Donald Trump quiere transformar Estados Unidos en un balneario para blancos. Convertido desde el pasado 20 de enero en el hombre más poderoso del mundo, desvía la atención internacional hacia Gaza, aranceles de quita y pon o la propiedad del Canal de Panamá, mientras dentro de sus fronteras extiende una deriva de tintes xenófobos con recetas del pasado que, si bien no esconde, se desdibujan en medio de un ruido ensordecedor.
Trump y su Gobierno avanzan decididos en la creación de un nuevo enemigo interno para los estadounidenses: el migrante latino, al que hay que identificar, señalar y expulsar del territorio.
El propósito es llevar a cabo “la mayor deportación de la historia”. Y para lograrlo vale todo. Las escuelas, hospitales e iglesias ya no son lugares protegidos de las redadas antiinmigrantes.

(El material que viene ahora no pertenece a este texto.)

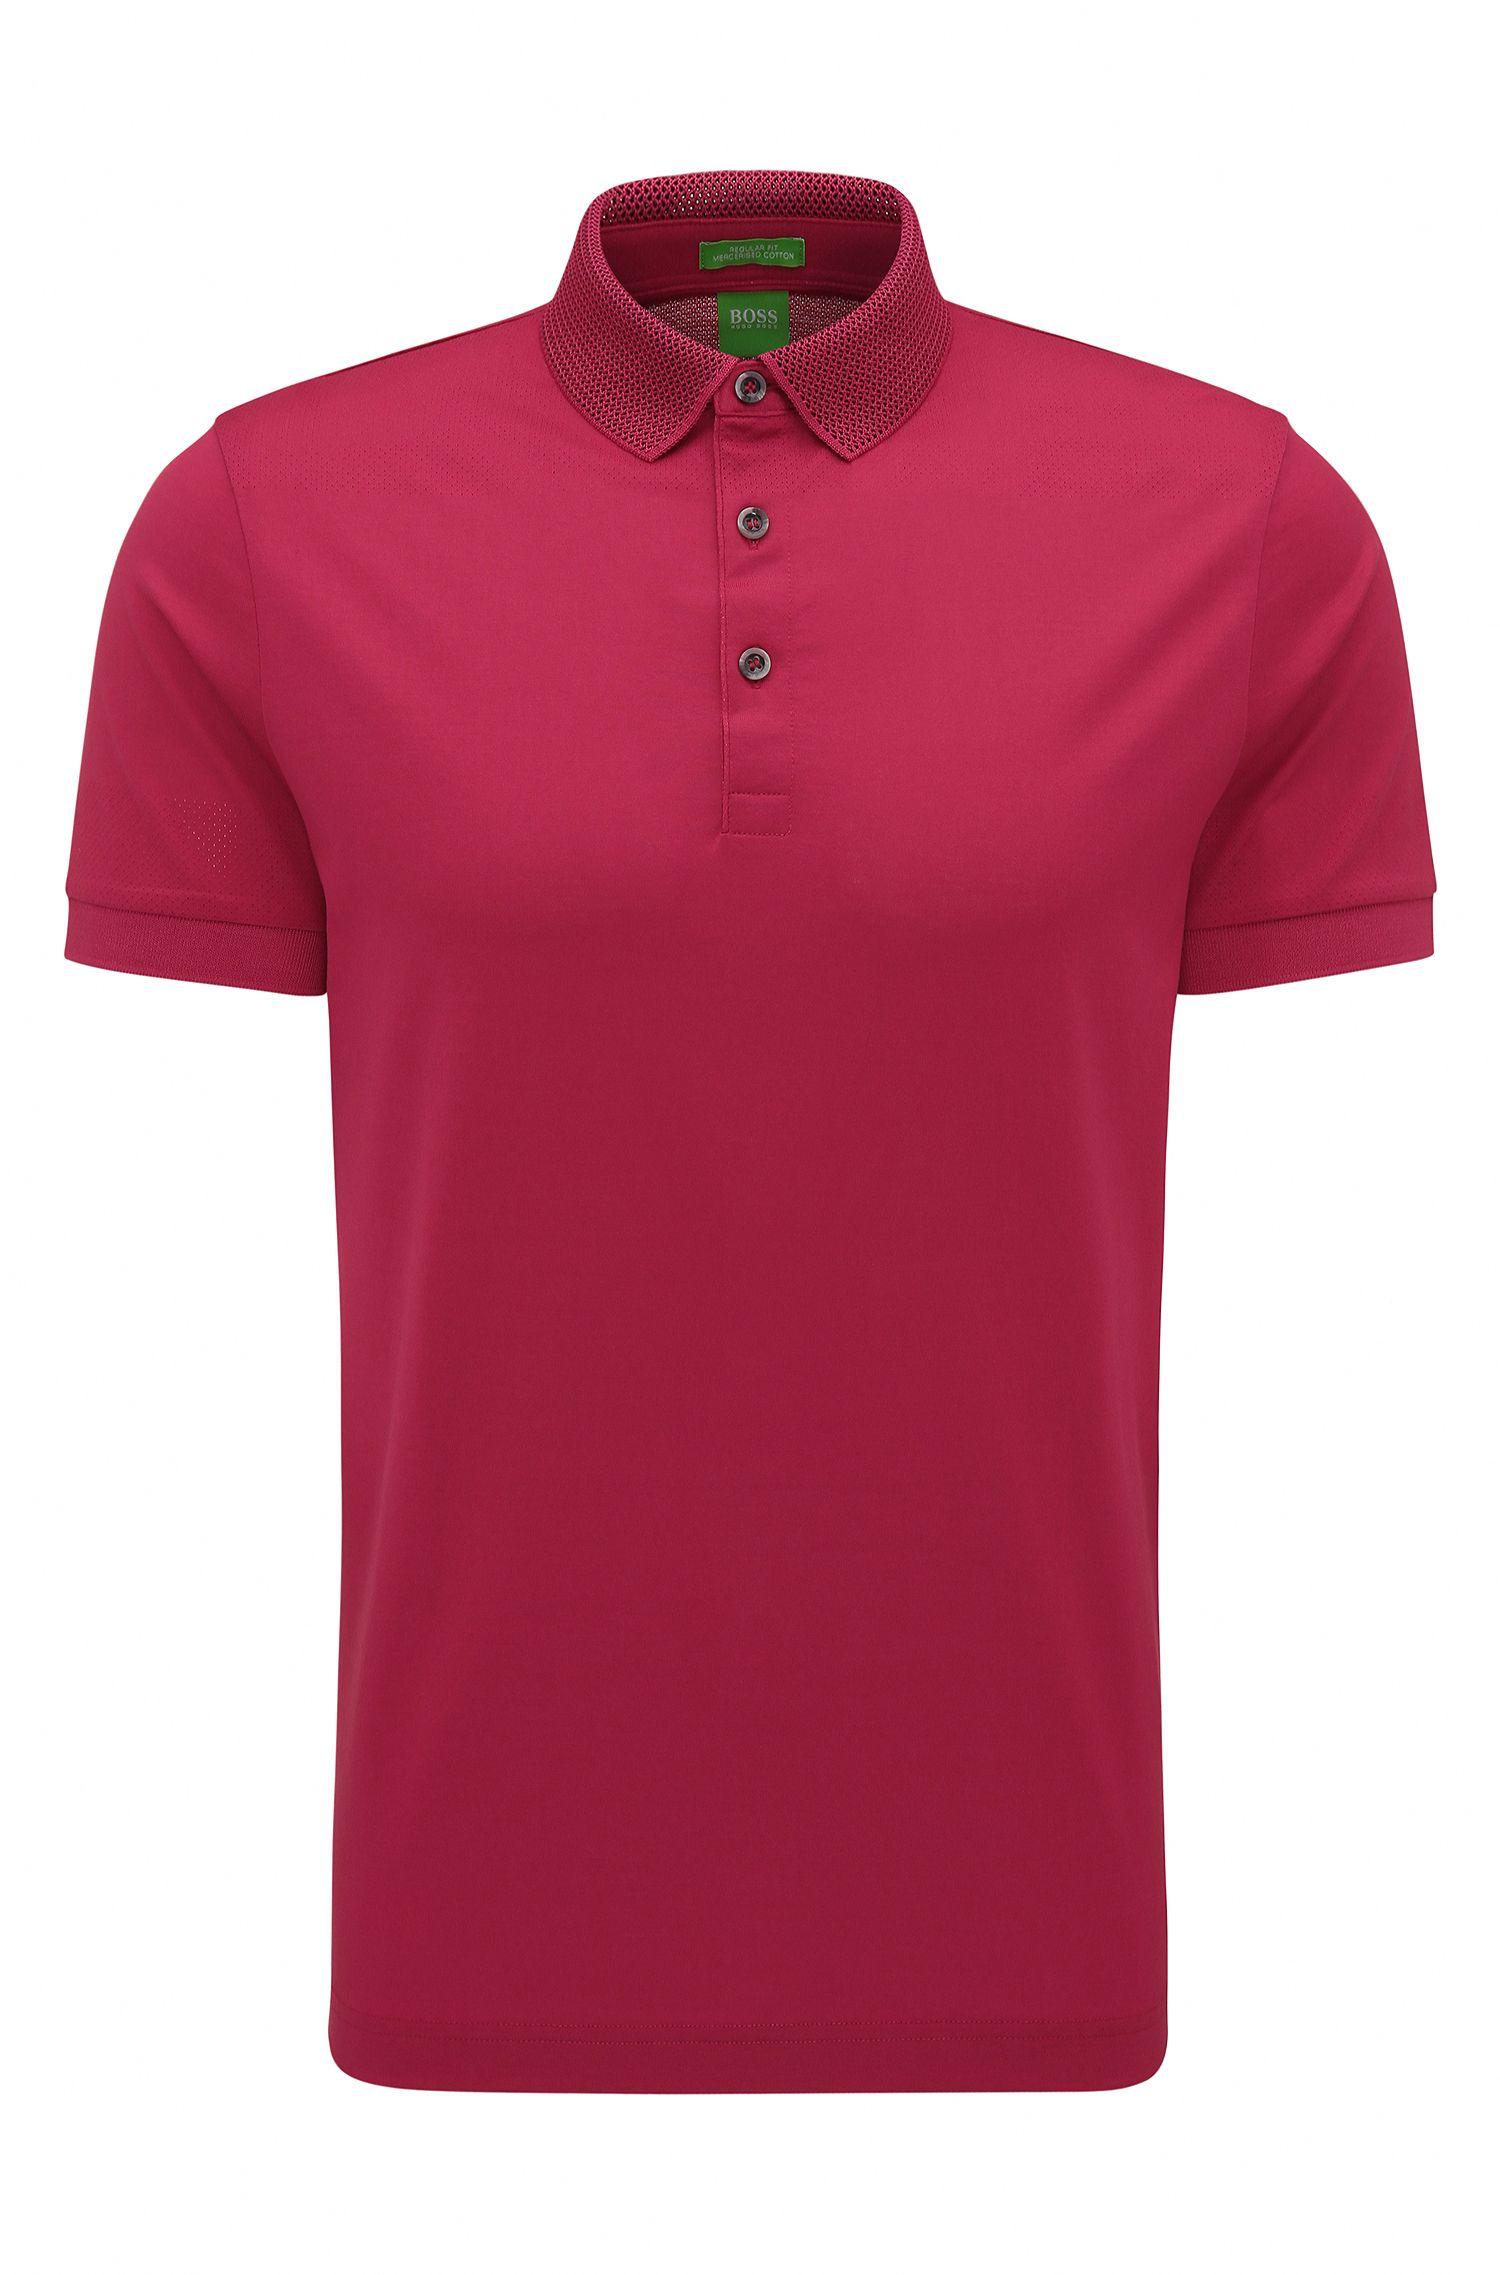 'C-Pirenzo' | Mercerized Cotton Polo Shirt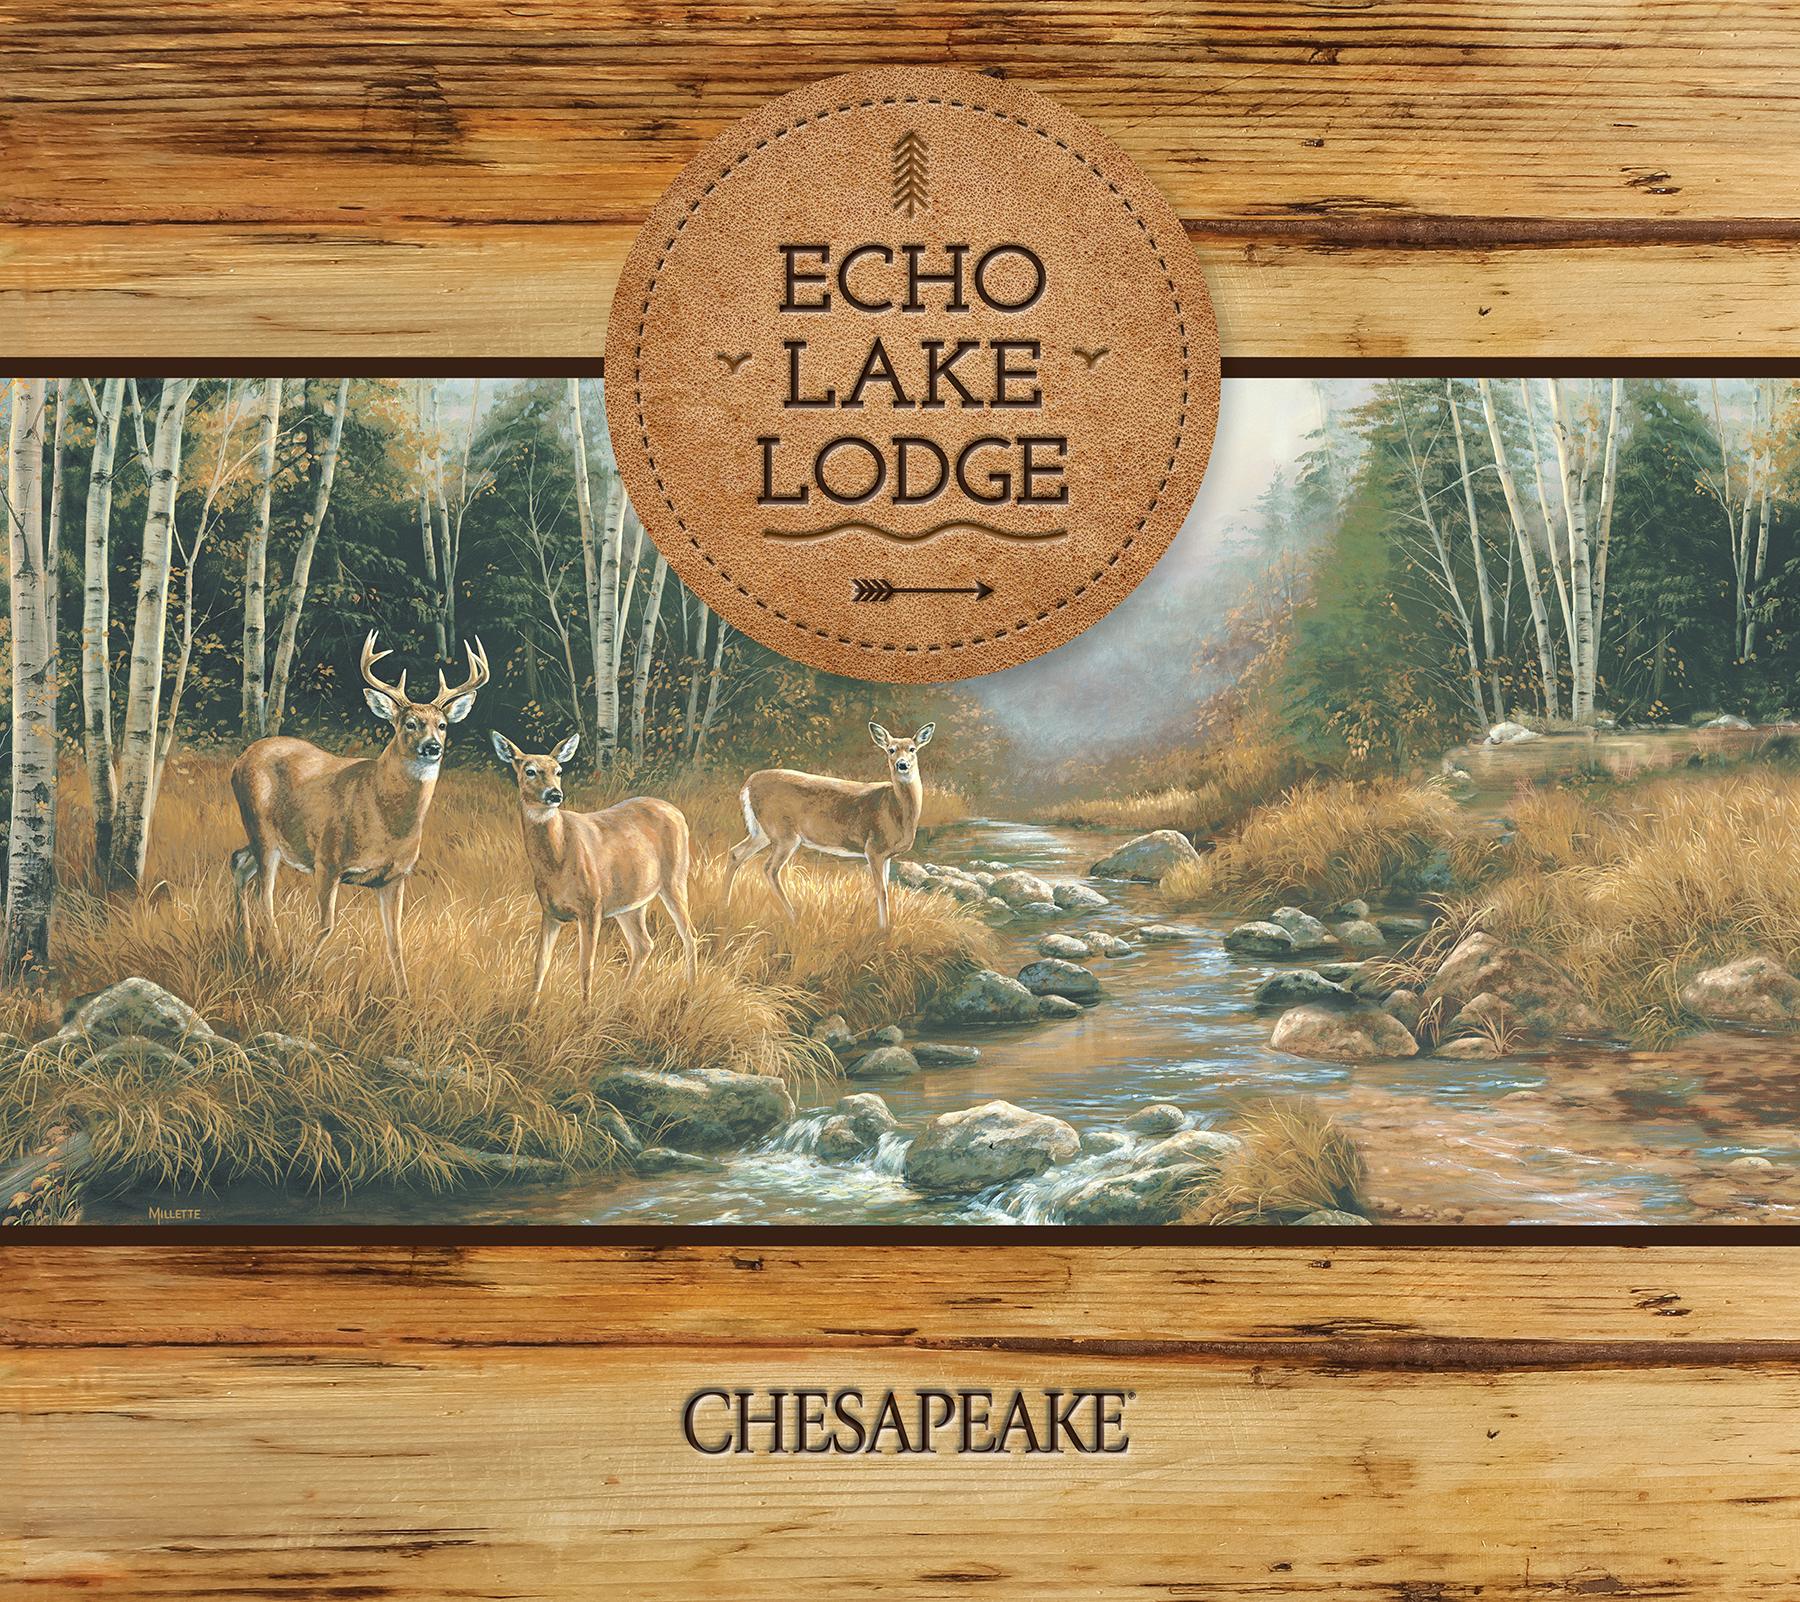 Chesapeake by Brewster TLL01353 Echo Lake Lodge Brimstone Brown Forest Leaf Toss

La secretaria de Seguridad Nacional, Kristi Noem, se refiere a las personas indocumentadas como “basura” o “desechos”. Senadores estatales de Misisipi y Misuri proponen premiar con mil dólares a los ciudadanos que delaten a extranjeros para que los deporten. Hablar español o tener la piel oscura ha pasado a ser un problema: en las redadas de los últimos días han sido detenidos varios ciudadanos estadounidenses solo por su aspecto.
El Gobierno ha retirado a 300.000 venezolanos la protección con la que entraron legalmente a Estados Unidos en los últimos años y los ha convertido en indocumentados. La base de Guantánamo, en Cuba, será el destino de algunos de ellos.